Fakhrurrazi mengatakan, PT PIM seharusnya menyampaikan secara transparan bagaimana mereka memperlakukan korban yang terpapar bahaya gas beracun dari perusahaan.

Dia menegaskan, tanggungjawab perusahaan tidak hanya bagi warga yang menjadi korban seperti dalam insiden tersebut, tapi warga yang tinggal di sekitar perlu diperhatikan secara menyeluruh.

“Jangan sampai masyarakat merasa tidak nyaman berada di sekitar perusahaan. Makannya kits desak kepolisian untuk melakukan investigasi dan mengusut tuntas masalah ini jangan sampai kembali terulang seperti kemarin,” tegasnya.

Advokat tersebut juga menjelaskan, masyarakat yang menjadi korban keracunan akibat tindakan perusahaan dapat ditemukan dalam beberapa peraturan dan ketentuan hukum di Indonesia, baik dalam hukum pidana, perdata, maupun hukum administrasi.

Beberapa dasar hukum yang relevan adalah sebagai berikut:

Undang-Undang Nomor 36 Tahun 2009 tentang Kesehatan Pasal 126 undang-undang ini mengatur tentang kewajiban setiap orang, termasuk perusahaan, untuk menjaga dan memastikan kesehatan masyarakat. Jika suatu perusahaan menyebabkan keracunan atau masalah kesehatan lainnya, mereka dapat dikenakan sanksi administratif atau pidana.

Undang-Undang Nomor 8 Tahun 1999 tentang Perlindungan Konsumen
Pasal 7 undang-undang ini menegaskan bahwa setiap konsumen berhak mendapatkan barang atau jasa yang aman dan tidak membahayakan kesehatan. Jika sebuah perusahaan menyebabkan keracunan, mereka dapat diminta pertanggungjawaban sebagai pelanggaran terhadap hak konsumen.

Kitab Undang-Undang Hukum Pidana (KUHP) Pasal 359 dan 360 KUHP mengatur tentang kelalaian yang mengakibatkan cidera atau kematian, termasuk dalam kasus keracunan yang disebabkan oleh kelalaian perusahaan dalam mengelola produk atau bahan yang dijual.

Undang-Undang Nomor 32 Tahun 2009 tentang Perlindungan dan Pengelolaan Lingkungan Hidup Pasal 98 dan 99 dalam UU ini mengatur tentang tanggung jawab perusahaan terkait dengan dampak lingkungan, termasuk polusi atau kontaminasi yang bisa menyebabkan keracunan pada masyarakat.
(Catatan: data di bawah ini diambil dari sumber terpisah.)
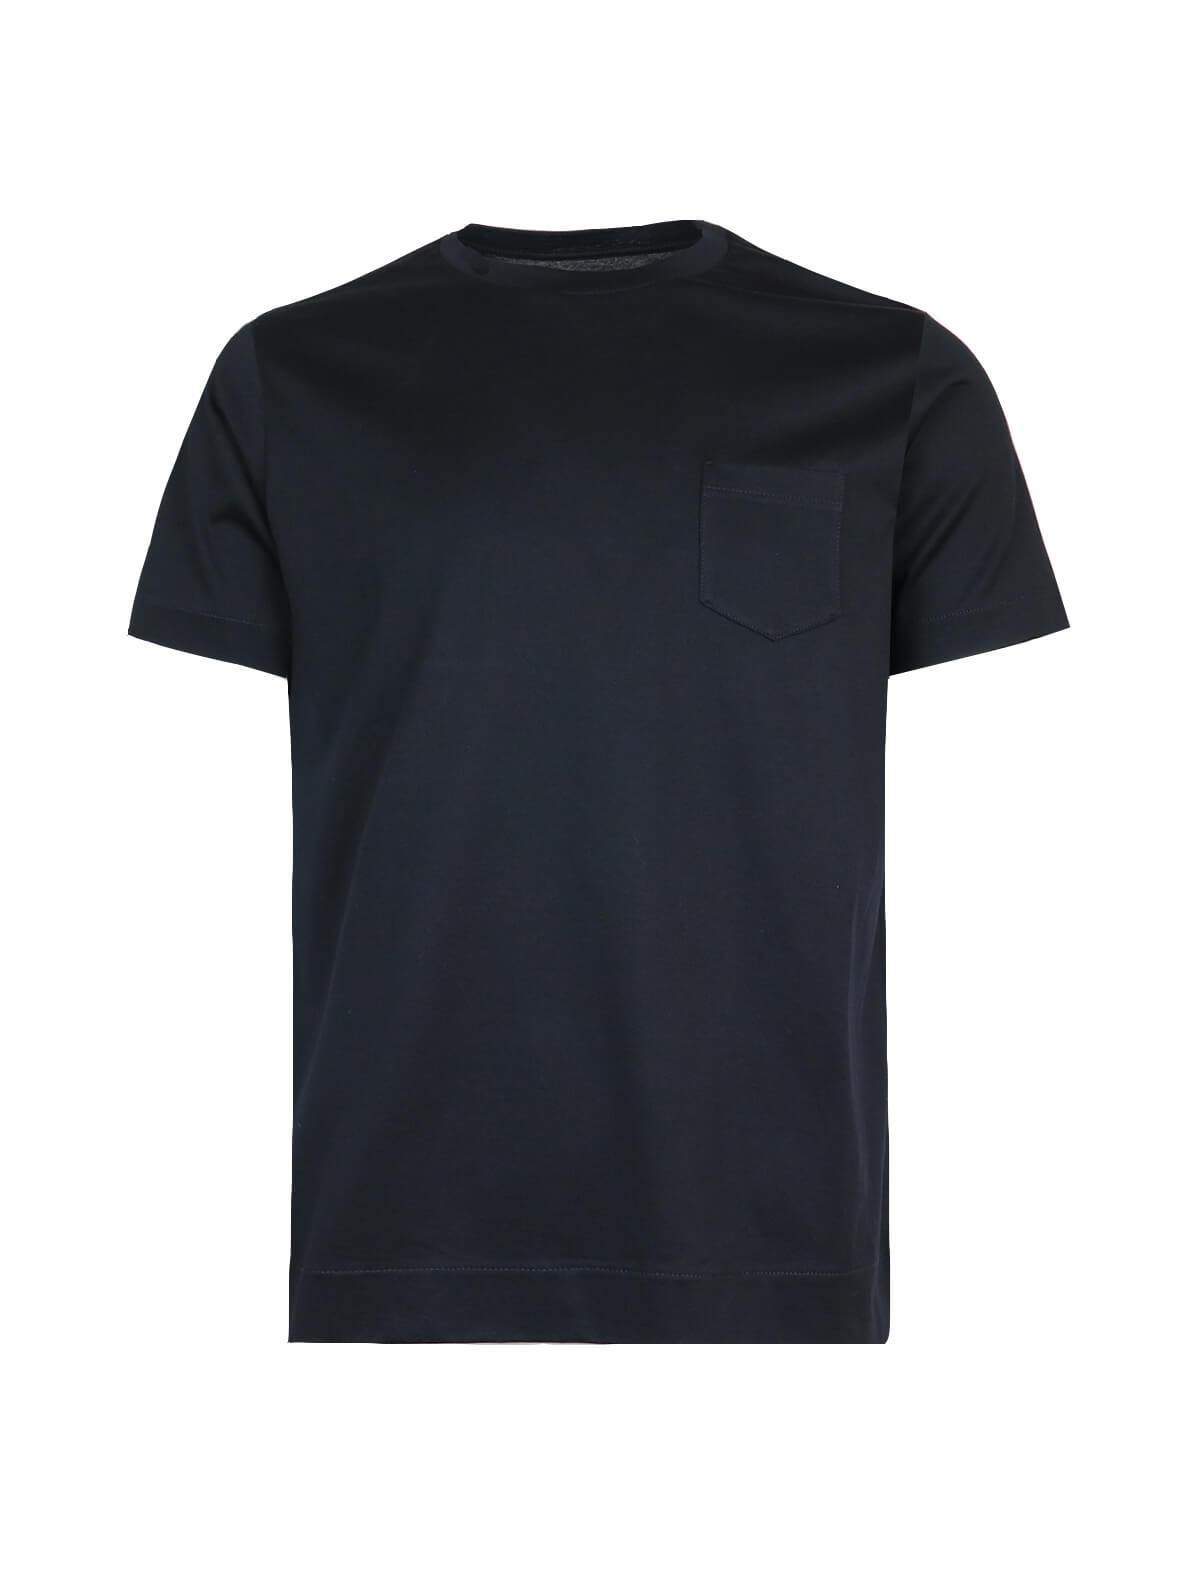 CIRCOLO 1901 Cotton T-Shirt with Front Pocket in Black | CLOSET Singapore

Perusahaan yang menyebabkan keracunan dapat dijerat dengan pidana lingkungan.

Peraturan Pemerintah Nomor 51 Tahun 2009 tentang Pangan Peraturan ini mengatur tentang keselamatan pangan. Jika perusahaan menyebabkan keracunan akibat produk pangan yang tidak aman, mereka dapat dikenakan sanksi administratif atau pidana sesuai ketentuan yang ada.

Peraturan Menteri Kesehatan Nomor 27 Tahun 2017 tentang Keamanan Pangan Mengatur tentang kewajiban perusahaan dalam memproduksi dan mendistribusikan pangan yang aman untuk dikonsumsi oleh masyarakat. Jika terbukti ada keracunan akibat pangan, perusahaan dapat dipertanggungjawabkan.

“Secara keseluruhan, perusahaan yang menyebabkan keracunan terhadap masyarakat dapat dikenakan tuntutan hukum berdasarkan ketentuan hukum tersebut, baik dalam bentuk ganti rugi, sanksi administratif, atau sanksi pidana, tergantung pada tingkat pelanggaran dan dampak yang ditimbulkan,” tutupnya.